DEE: They’re like cancan boots, very tight, with pointed toes. Very sexy. A lot of dancers in New York are wearing them.
(One of the podiatric web sites had said high heels and pointed toes were a particularly bad combination.)
ME: Yeah?
DEE: Oh, yes. They’re very good for building your balance, which is very important for tango, you know. I just had a foot operation, and after only a year and a half of wearing my shoes, my balance is almost completely back to normal.
(A foot operation? I wasn’t getting her shoes!)
(Still, didn’t tango mean I had to wear heels? A small part of me was beginning to accept the sad truth that I too would have to get a foot operation some day.)
DEE: I can bring you samples if you like. What size do you wear? Where are you dancing tonight? I’m at Dance Manhattan today and Triangulo tomorrow…
We tried to negotiate a meeting place, but I (a very moderate tango junkie, it seemed) only went to two milongas a week—both at my uptown dance studio—while she, apparently, danced every night—but never above Chelsea. Feminism and foot pain finally winning out over the seduction of shapely tango-shoe silhouettes, I eventually settled for a pair of two-inch heels in which I could wear padded orthotics.
Dimitrije was paying for my cab rides home. Feeling guilty, I offered to take him out for dinner. He liked the idea, and we arranged to meet on the one night we weren’t dancing. During the dinner, we were nervous and happy, telling stories of childhood mishaps and college adventures. After dinner, walking through the Soho streets, he slid his arm around me. I let it rest there. Then, as we walked, I slipped my arm around his back and pulled back gently. He noticed, and when I put a tango syncopation into my steps, he matched it. When I stopped, he stopped. I applied an upward pressure as he had so many times with me—and to my delight, he lifted his foot.

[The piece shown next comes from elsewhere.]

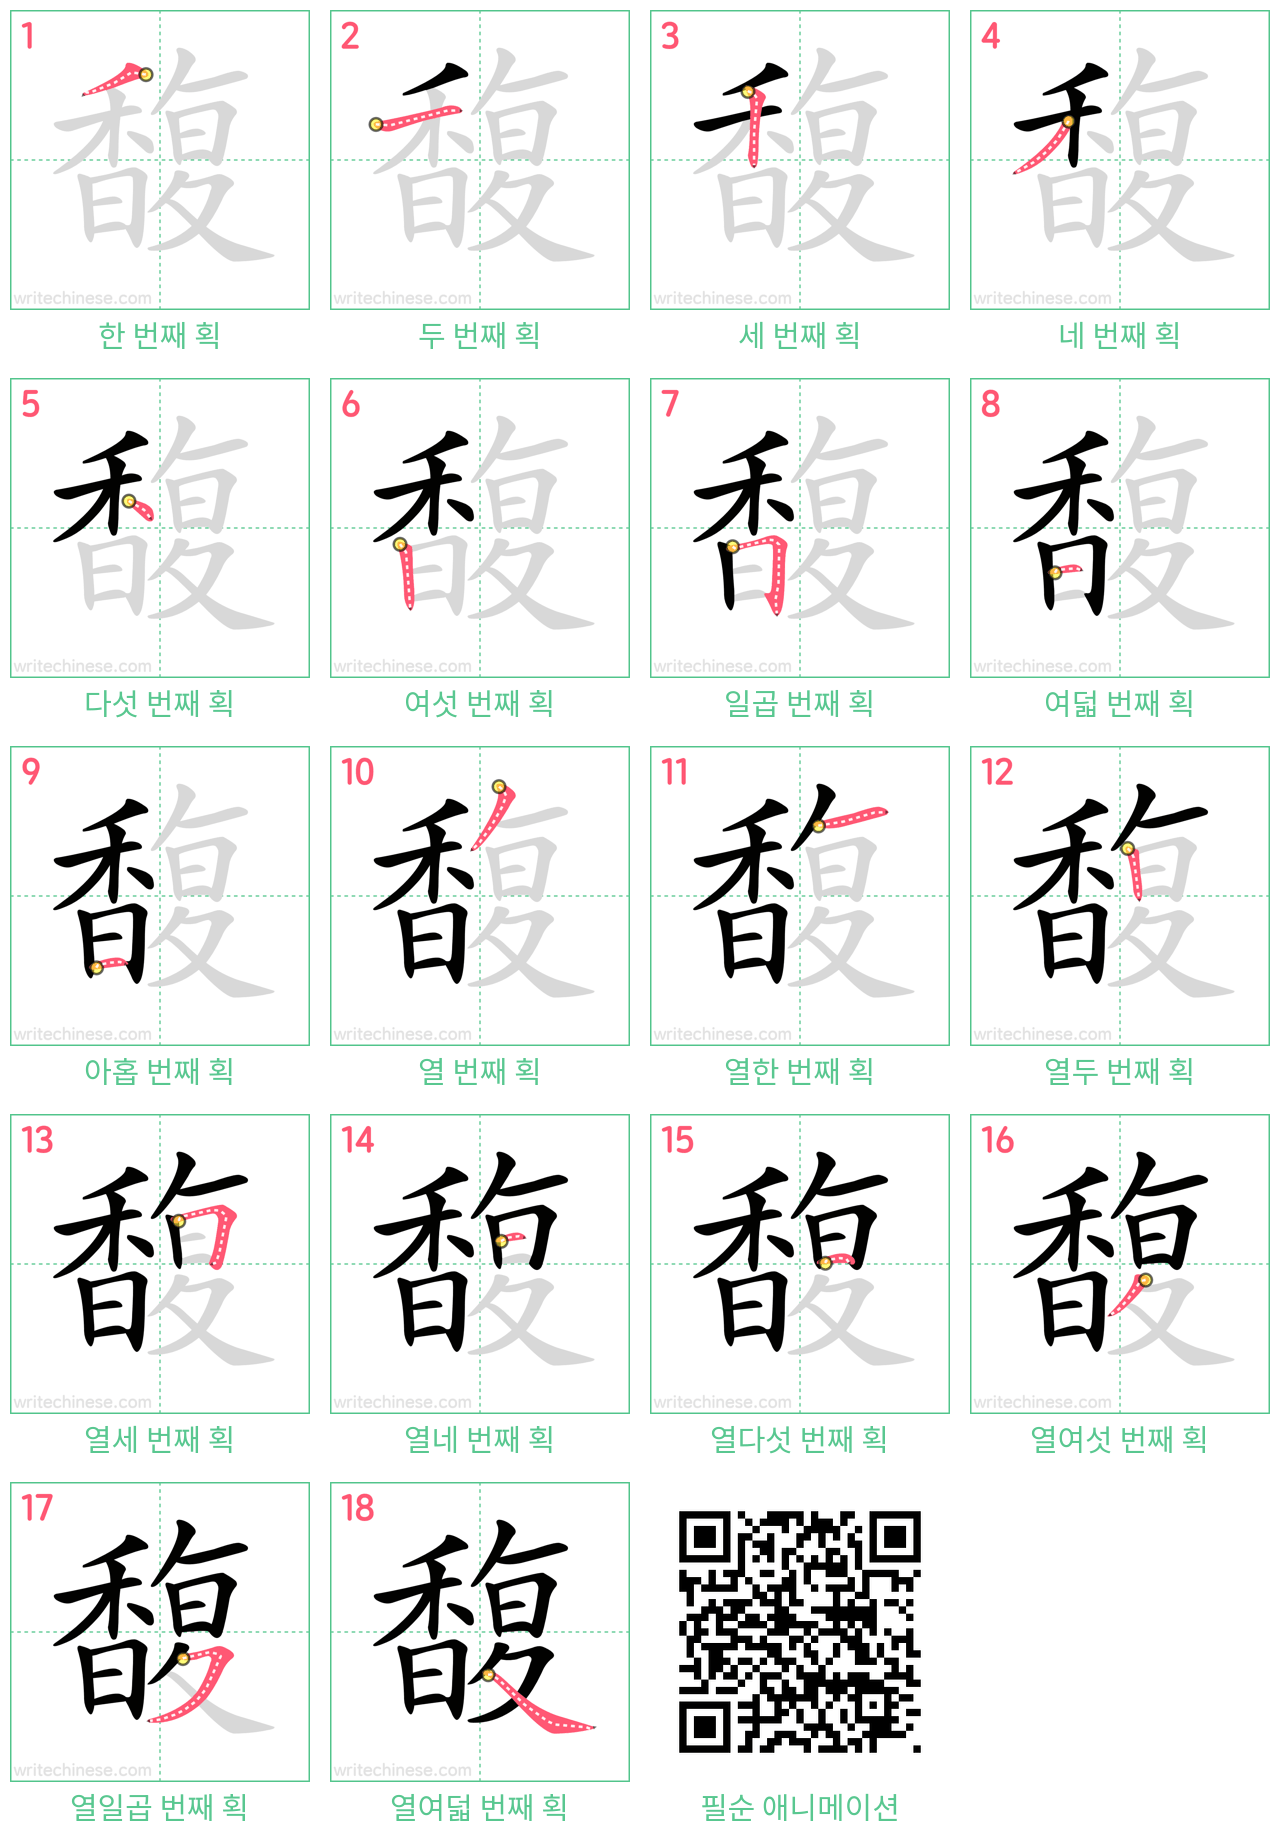 馥 step-by-step stroke order diagrams
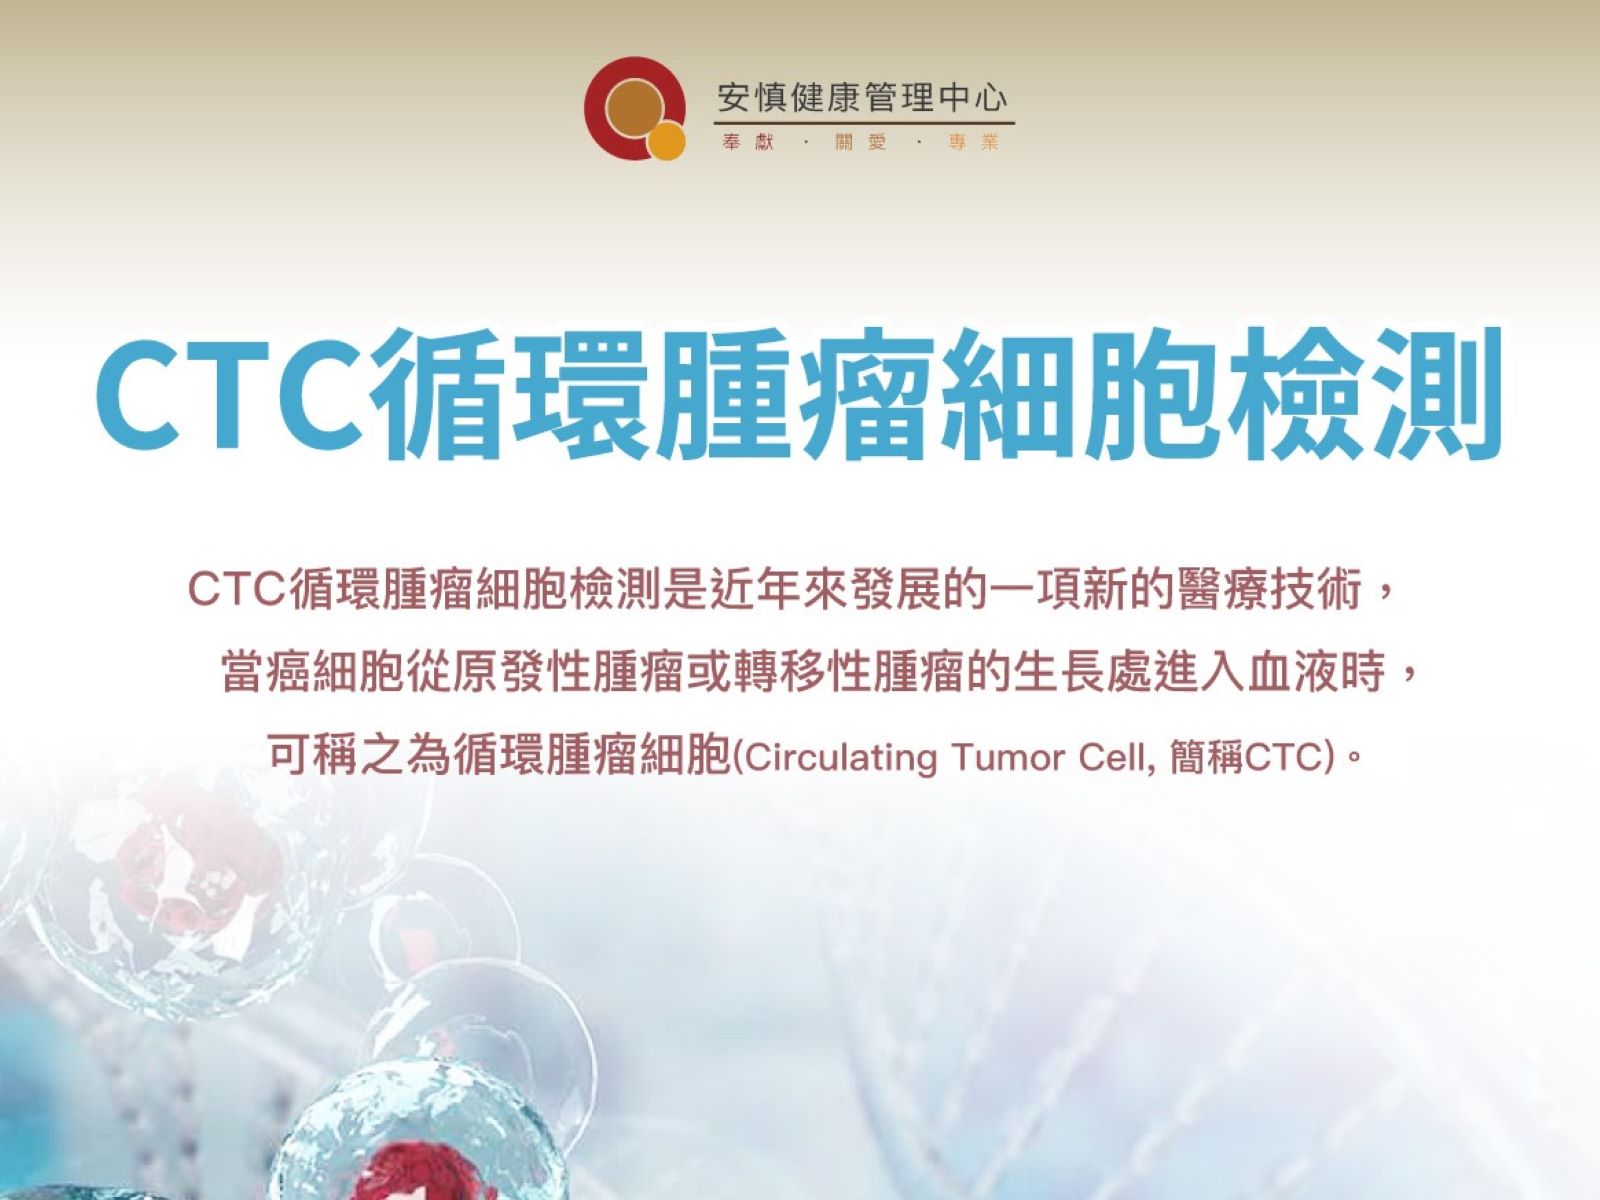 CTC循環腫瘤細胞檢測

Our tango obsession reached its height in September. Dimitrije and I signed up for a month of classes at a studio known for its good tango program—and its extensive course offerings. “Tango boot camp,” we called it. We had spent a lot of time in tango classes at our old studio, but we discovered that we had been dilettantes—three-day-a-week, nine-class-a-week pretenders. Here, Monday to Friday, for several hours each day, we worked on sacadas, boleos, enrosques. He practiced following; I learned to lead. We struggled through a couples-only advanced course. We learned about posture, posture, posture. On our second Friday evening, tired from our three classes, we trudged to La Belle Epoque, the French-Creole restaurant which had become our regular Friday night date. Sitting over my mango chutney salmon, I looked at him. We had already been lingering over dinner for an hour.
“Do you want to dance?” I said.
He looked over the balcony railing at the dancers below. “Maybe later. Do you?”
We smiled at each other. We had been seeing each other almost nightly for weeks, but we had yet to see a movie together or go to a friend’s party or even dance most of the non-tango dances.
“Not so much,” I said. “Maybe next Friday we could see a movie.”